US officials told The Jerusalem Post that “nothing has changed” since the president signed into law the Taylor Force Act, a bill that requires the administration to freeze aid to the Palestinian Authority unless it halts the decades-old program.

Months earlier, Trump had called for a broad review of all US foreign aid, including of aid to the Palestinians. But one National Security Council spokesman said on Monday that the new law would tie their hands and require action from Palestinian leadership if they wanted aid to continue unaffected.
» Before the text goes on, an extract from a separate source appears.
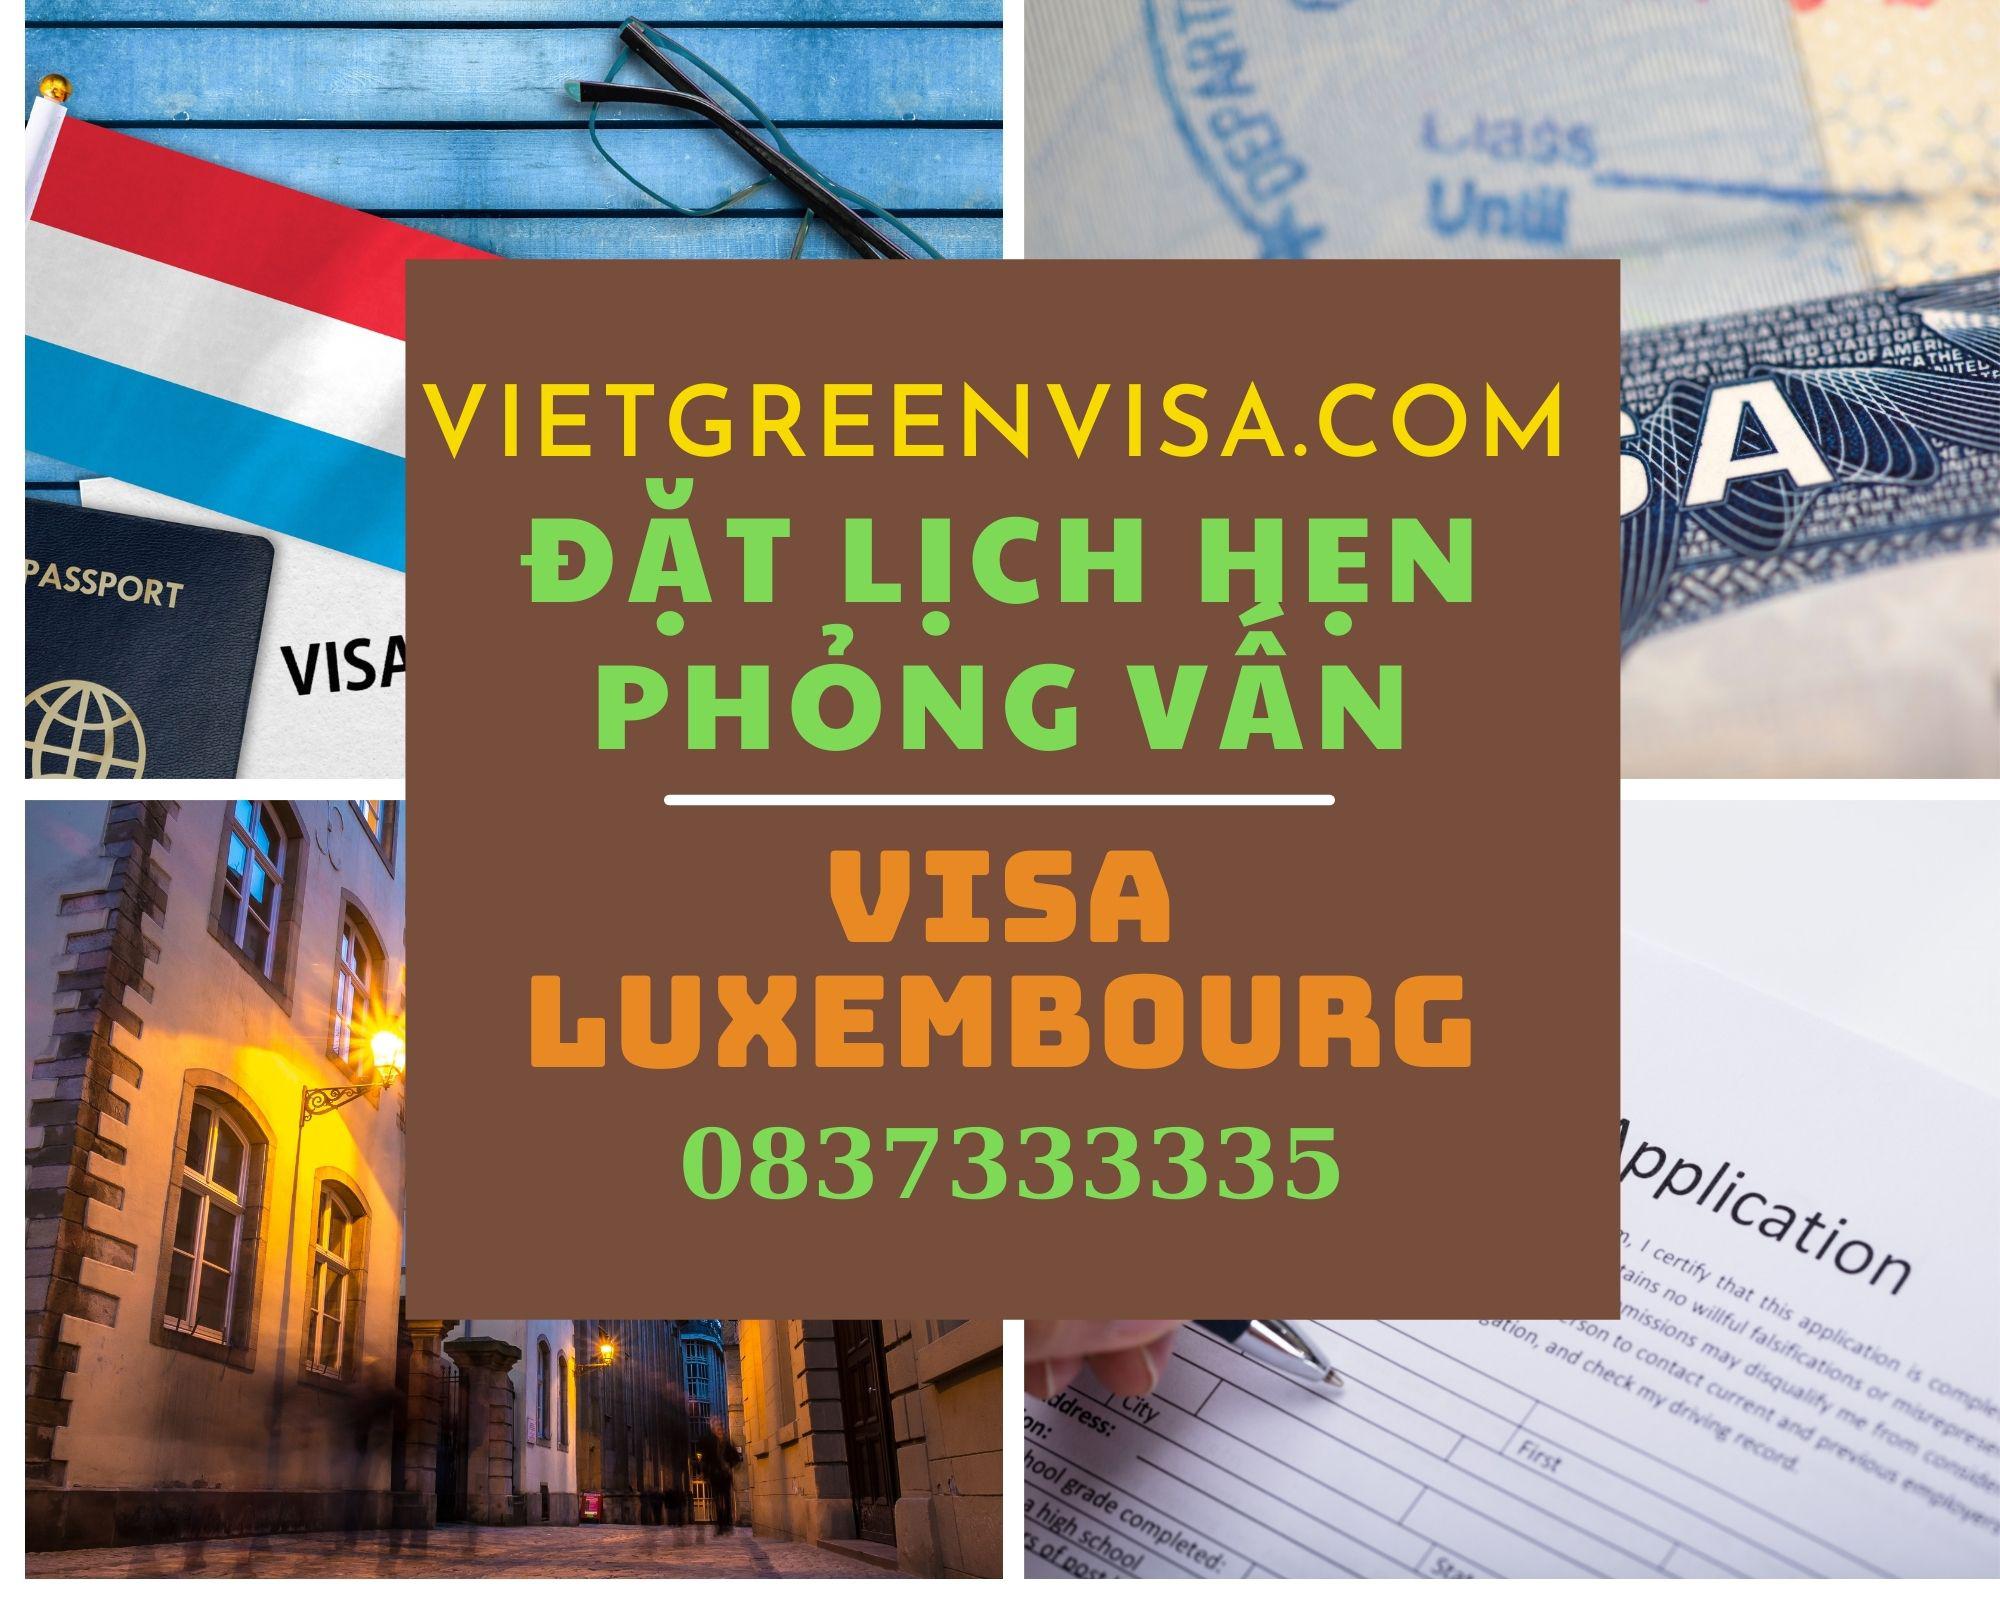 Hướng dẫn đặt lịch hẹn phỏng visa visa Luxembourg

“At President Trump’s direction, assistance to the Palestinians remains under review,” the White House official said. “While the Taylor Force Act restricts aid to the Palestinian Authority, with very limited exceptions, the Palestinian Authority has the ability to ease those restrictions by ending the abhorrent policy of inciting violence against Americans and Israelis through payments to terrorists and their families.”

Palestinian officials said the compensation scheme amounts to a welfare program for the families of legitimate combatants in their struggle against Israel. Israel and the Trump administration consider it an immoral practice that incentivizes terrorism against civilians.

An i24News report this weekend claimed that aid had already been frozen pursuant to the Taylor Force Act, which passed in March. A State Department official denied the accuracy of the report.

The Taylor Force Act exempts aid for security cooperation and humanitarian assistance, and includes a buffer period for the Palestinians to phase out the program.

A congressional source told the Post that the administration was due to certify the PA’s compliance to the aid terms 30 days after the passage of its omnibus spending bill, which took place in late March.